Da dieser digitale Wandel auf Beziehungen beruht, kommt den Mitarbeitern eine ganz neue Rolle als Repräsentant ihrer Organisation zu. Natürlich wird es die feinziselierte offizielle Unternehmenskommunikation auch weiterhin geben, aber durch die zunehmende Vernetzung der Menschen kann jeder Mitarbeiter einen Unterschied machen und eben nicht nur der CEO oder der Unternehmenssprecher. Es ist allerdings mehr als fraglich, wie etablierte Unternehmen diesen Wandel überleben oder gar gestalten wollen. Vielerorts wird unter Digitalisierung der Bürodreisprung aus Ausdrucken, Unterschreiben und Einscannen von Formularen verstanden und auch noch als Fortschritt begriffen. Die Mitarbeiter werden, wenn überhaupt, mit rückständigen Smartphones ausgestattet, deren Funktion sich im Wesentlichen auf E‑Mail und Kalender beschränkt – ohne Datentarif freilich, denn gearbeitet wird ohnehin nur auf dem Firmengelände. Und Zugriff auf Internet und Social-Media wird nur auf Antrag gewährt (Informationsschutz!). Dafür ist die Digitalisierung dann Chefsache in Form eines Chief Digital Officer. Der soll sich um dieses Internet kümmern. Alle anderen: Wegtreten und weitermachen!
2 Kommentare
Hallo Marcus,
leider mache ich die gleiche Erfahrung. Ich habe teilweise den Eindruck, dass einige denken: „Für die Digitaisierung sind andere Abteilungen zuständig, die irgendetwas machen, was die Kunden wahrscheinlich nicht brauchen. Digitalisierung ist ein Hype, der bald wieder vorbei ist.“
Ich erlebe Besprechungen, in denen ein Chef aus seinem Notizbuch vorliest und diverse an der Besprechung Teilnehmende versuchen dies in ihr Notizbuch einzutragen, um es dann Anderen wieder vorzulesen, die es dann wieder aufschreiben … usw.

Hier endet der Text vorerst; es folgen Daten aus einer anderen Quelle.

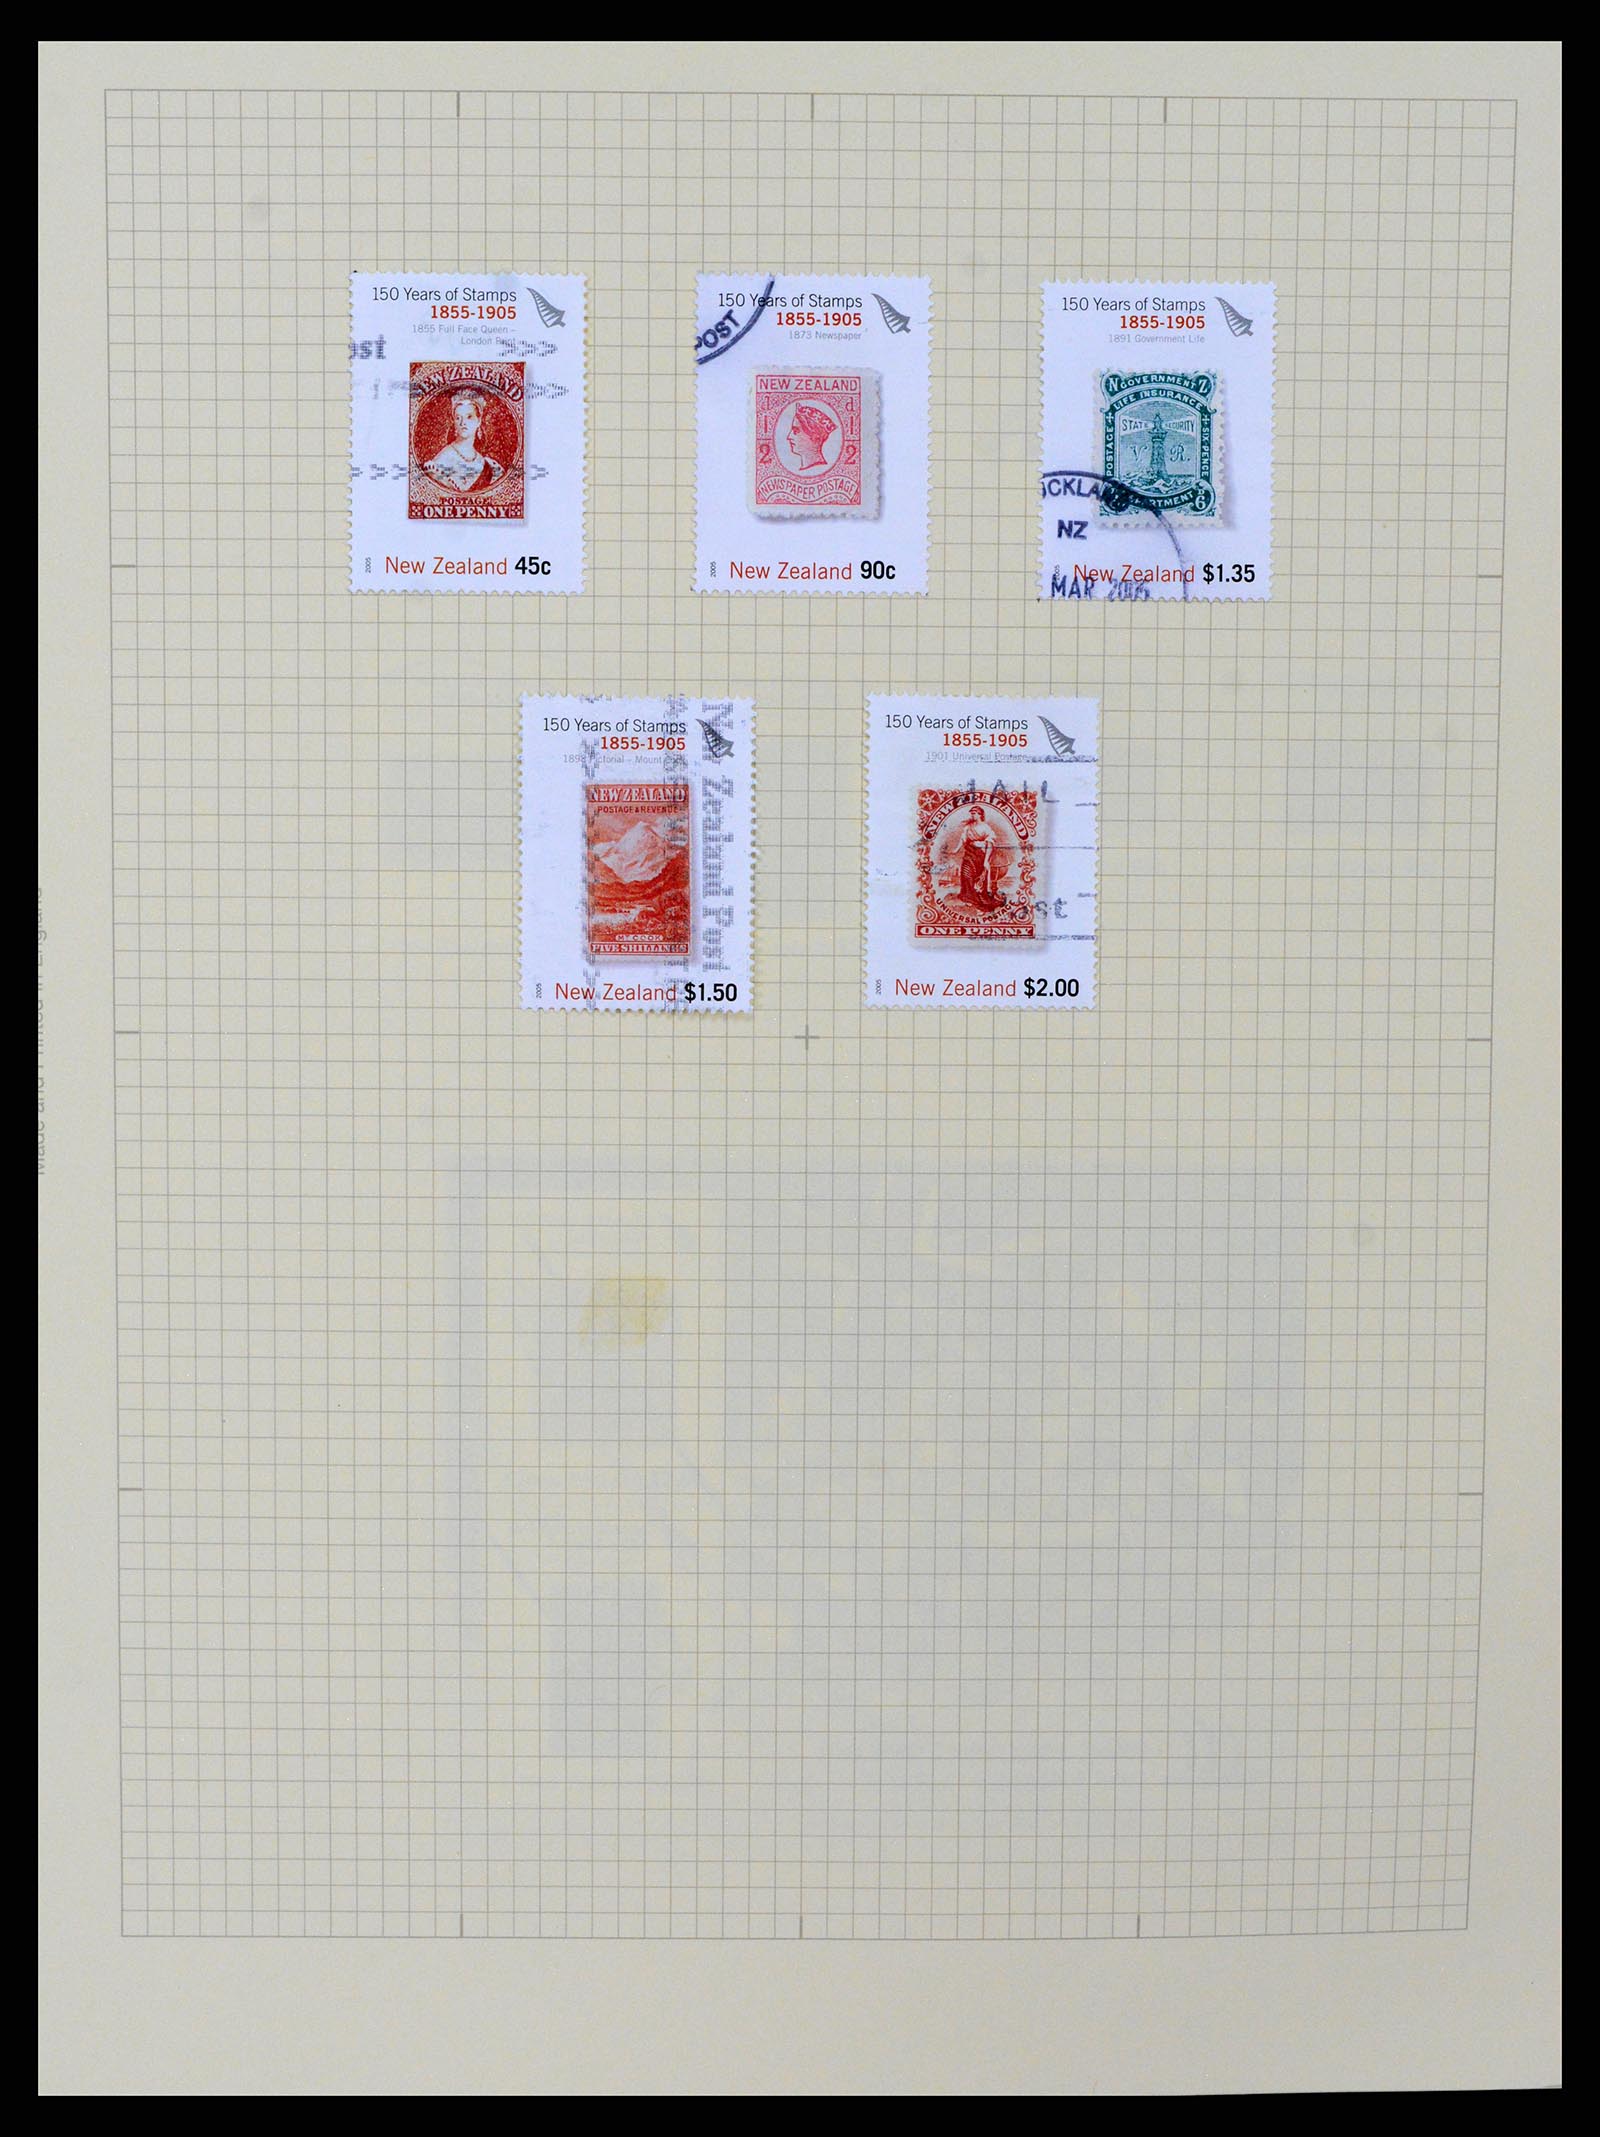 37608 384 - Stamp collection 37608 New Zealand 1874-2014.

Spannend ist, dass der Ursprung vieler dieser Informationen in digitaler Form vorlag, die aber ausgedruckt und dann mit einer Dokumentenkamera präsentiert wurden.
Oder: Bisher wurden Anträge, denen jemand zustimmen muss, von einer Sekretärin ausgedruckt, dem Chef in einer Mappe vorgelegt, von diesem unterschrieben, von der Sektretärin eingescannt und weitergeleitet – der von dir skizzierte Dreisprung. In der digitalen Form sieht das dann so aus: Ein PDF wird zum Verantwortlichen geschickt, der es öffnet, digital signiert, abspeichert und weiter leitet. Der Arbeitsaufwand für den Verantwortlichen ist deutlich gestiegen, der Aufwand der Sekretärin reduziert. Wenn jemand viele solcher Anträge unterschreiben muss, wir er an dieser Form der Digitalisierung keinen Spaß haben.
Spätestens jetzt sollte die Frage gestellt werden, ob dies ein „Scheißprozess“ ist, der gerade digitalisiert wird. Diese Frage wird evtl. gestellt, da für die Beantwortung ab andere zuständig sind, die von ihrem Mindset noch in Hierachie und Papier denken, wird sich vermutlich nichts ändern.
Die Digitalisierung gibt uns die Möglichkeit, in ganz anderer Form zusammen zu arbeiten. Diese Möglichkeiten zu nutzen verlangt aber, dass sich die Betroffenen intensiv mit der Thematik beschäftigen und neue Tools und Methoden lernen. Da die Arbeitsbelastung vieler Betroffener aber schon deutlich über 100% liegt, gibt es hierfür keinen Spielraum. Schlussendlich blockieren wir uns somit wohl selbst.
Sehe ich das zu pessimistisch? Hat jemand eine Idee, wie dieser Knoten gelöst werden könnte? Gibt es Erfahrungen?
Gruß
Kai
Lieber Kai, das siehst du völlig realistisch. Leider. Vielerorts wäre man um die digitale Signatur schon froh. Die defizitäre Zusammenarbeit ist das eine, die verpassten Chancen das andere. Unternehmen, die intern Digitalisierung 0.5 leben, werden sich schwer tun in den digital vernetzten Märkten in denen Gespräche zwischen Menschen den Unterschied machen. Die gesamte soziale Kontaktfläche zwischen den Mitarbeitern und der Welt im Sinne neuer Chancen auszunutzen wird die hohe Kunst sein.